Work instruction - Please reproduce, exactly and with nothing else, every line from the one containing "Incienso Copal Mexicano" through the last line of the records below.
Segment Open
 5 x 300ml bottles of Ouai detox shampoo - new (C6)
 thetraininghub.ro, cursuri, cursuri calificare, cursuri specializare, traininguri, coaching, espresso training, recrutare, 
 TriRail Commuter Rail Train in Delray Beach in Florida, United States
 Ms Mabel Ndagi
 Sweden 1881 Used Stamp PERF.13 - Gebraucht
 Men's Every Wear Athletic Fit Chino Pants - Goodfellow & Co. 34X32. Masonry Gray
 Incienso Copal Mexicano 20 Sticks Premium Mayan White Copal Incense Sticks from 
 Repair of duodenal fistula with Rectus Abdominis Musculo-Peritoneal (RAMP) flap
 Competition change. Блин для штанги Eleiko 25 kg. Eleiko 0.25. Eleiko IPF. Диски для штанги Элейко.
Segment Closed
Output of the task -
 Incienso Copal Mexicano 20 Sticks Premium Mayan White Copal Incense Sticks from 
 Repair of duodenal fistula with Rectus Abdominis Musculo-Peritoneal (RAMP) flap
 Competition change. Блин для штанги Eleiko 25 kg. Eleiko 0.25. Eleiko IPF. Диски для штанги Элейко.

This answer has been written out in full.